Like I've mentioned before, I have always worked and so I have never really had much free time, unless you count the time I'm supposed to be sleeping (which right now, is very true, I have such a hard time sleeping!!).
I'm a very shy person, I don't go out of my way to meet people. that being said, when a clipboard comes around in Relief Society, I pass it on. I don't sign up to bring meals to people, I don't sign up to help clean, I don't sign up for anything. I used to tell myself that I wasn't signing up because I didn't have the time, I didn't know what my work schedule would be. Something along those lines.
Until I stopped working. I never realized how much goes on my church! There's book club every month (which I tried going to at the beginning of the year. . .only lasted a few months) there's enrichment activities every few months, there's super saturday's, there's ward activities, there's meals to take to families who are struggling, and all sorts of things!!

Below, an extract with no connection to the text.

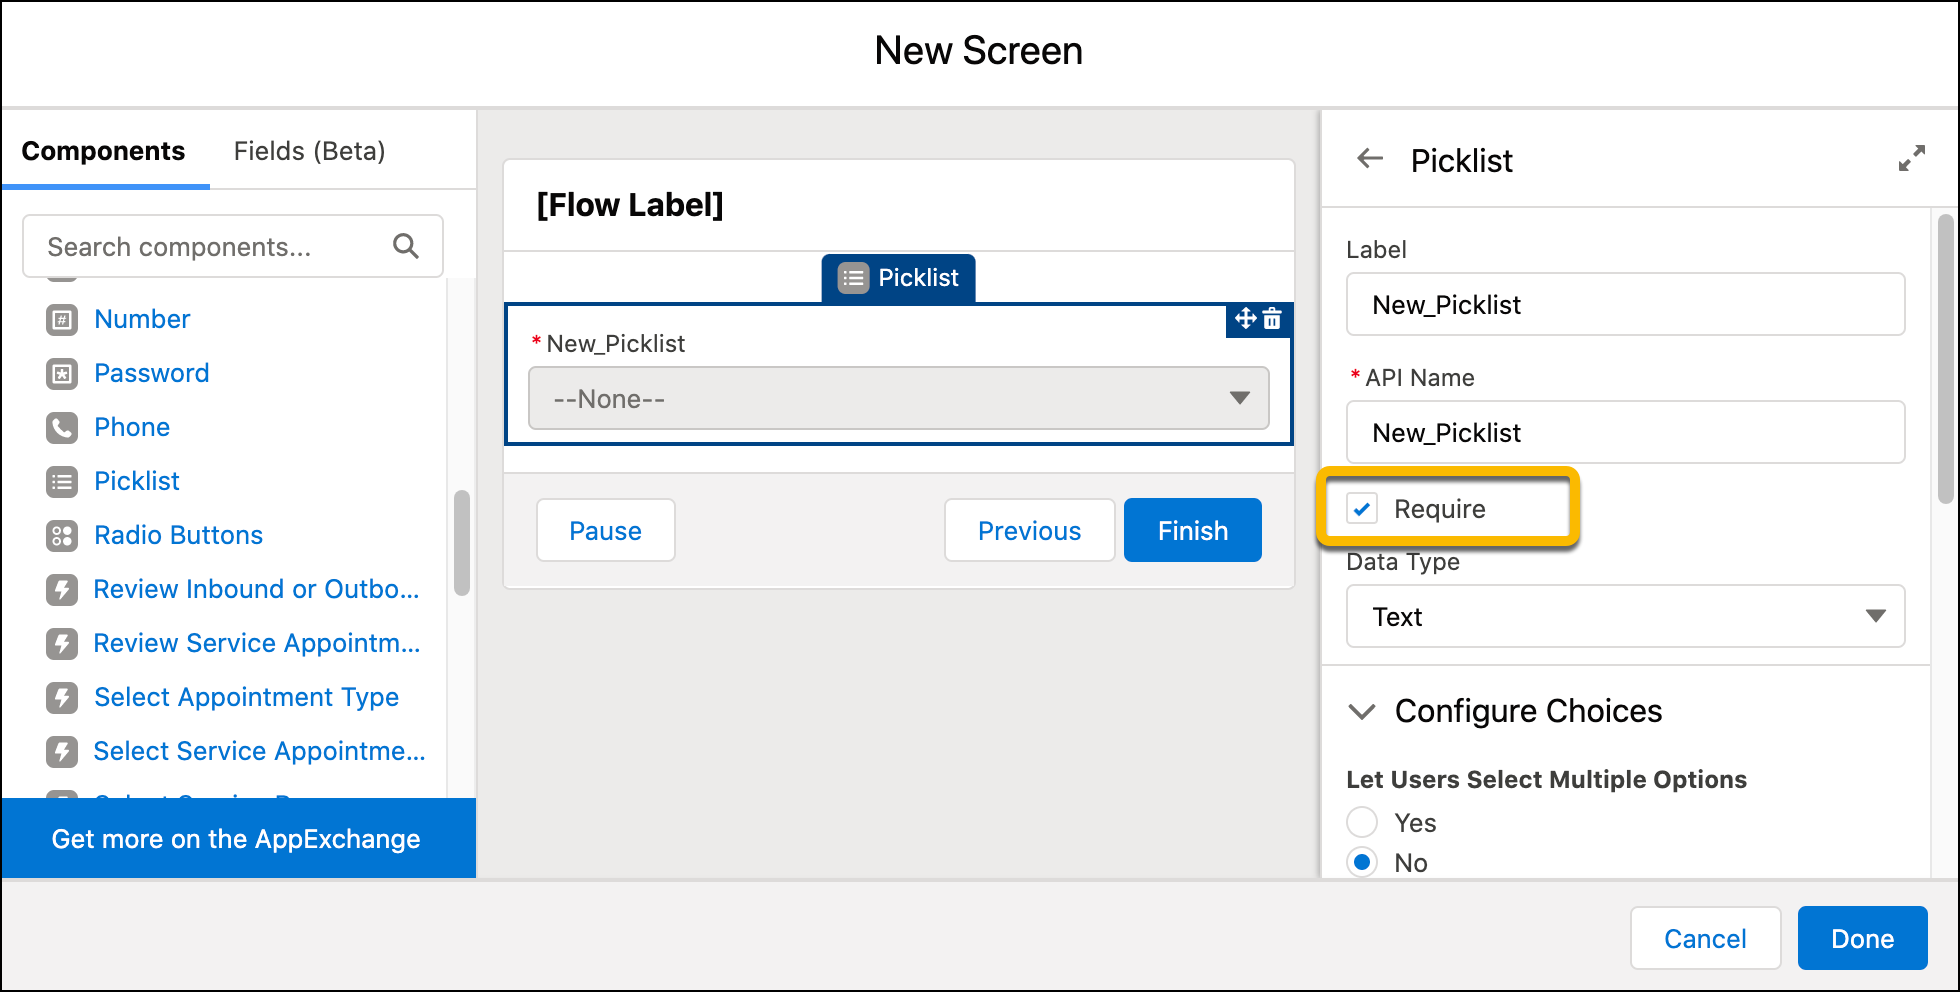 The flow admin sets up the picklist screen component with the new Required checkbox and the None picklist option value.

A few sunday's ago, as I'm listening to the lesson I get a clipboard with a sign up to help serve dinner for an anniversary dinner/open house for a couple in our ward (it was their 75th!! wow!!) and I was the last person to get it. Being the shy person I am, I just set in on the seat in front of me. The problem was, I couldn't help but keep looking at it. They only needed 3 people, on a friday night from about 6-8. One person had signed up, and it had been through the entire group of women.

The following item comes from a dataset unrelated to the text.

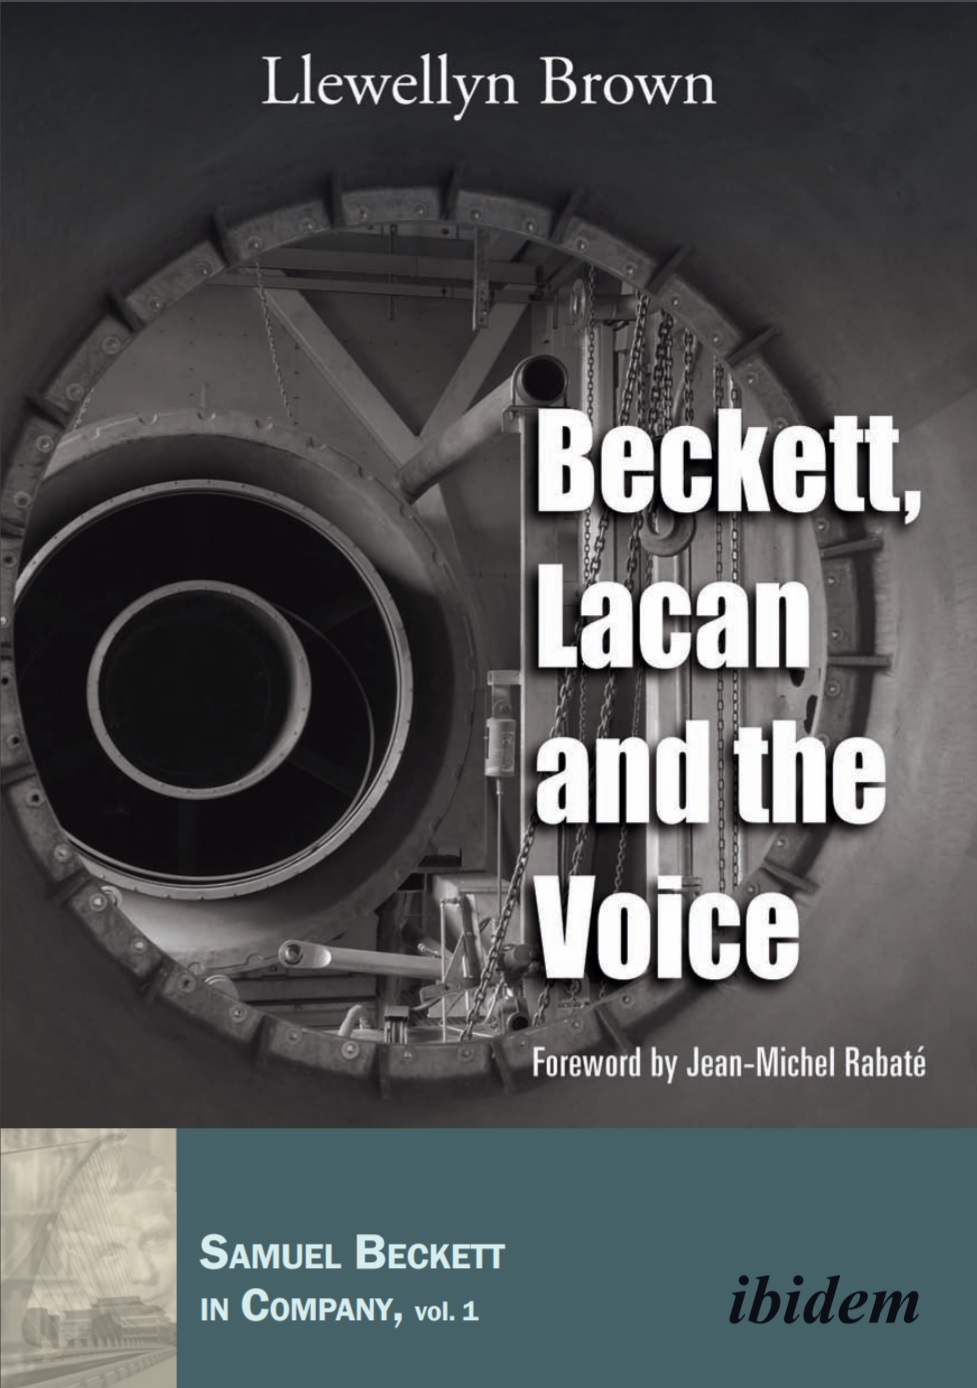 Beckett-lacan-and-the-voice.jpg

It was taunting me! and I kept trying to make excuses, because I'm shy, and I get nervous around people I don't know, and I don't know alot of people in my ward. Then I thought of this: What if I need help from my ward at some point, and no one signs up? how would I feel? I would think, "well, I never signed up for anything, so I can't blame them". If I want blessings from God, then I need to serve my neighbors. And if no one signs up, then everything gets stuck on the presidency, and that's not fair.
I signed up, and I went and served food. and it was great. I felt great (after the fact, I was very nervous during the whole thing). two ladies from the presidency were there to help serve, myself and one other lady. The Relief Society President (who is the mother of the student body president my senior year. Very, very nice lady) told me that she couldn't believe I signed up because I'm a pregnant woman, and there's all these other old ladies sitting at home, and I should be the one sitting at home. That surprised me, but it was really funny at the same time.
Now, when clipboards come around, I sign up for all sorts of things! I never realized how much there was going on in my ward! Within these next two weeks, there's enrichment next wednesday, in which I need to bring an appetizer, I'm helping clean a house for a neighbor who is moving out, stake conference is this saturday and sunday, next saturday is the ward Christmas breakfast, and on friday there's a get together to say goodbye to some families that are moving out of the ward.
yeah, that's a busy two weeks! But I love it! I love being able to meet people in my ward and make new friends and make good use of my free time to serve others. Especially at this time of year. It really puts me into the Christmas spirit and after all, this is was living like this does.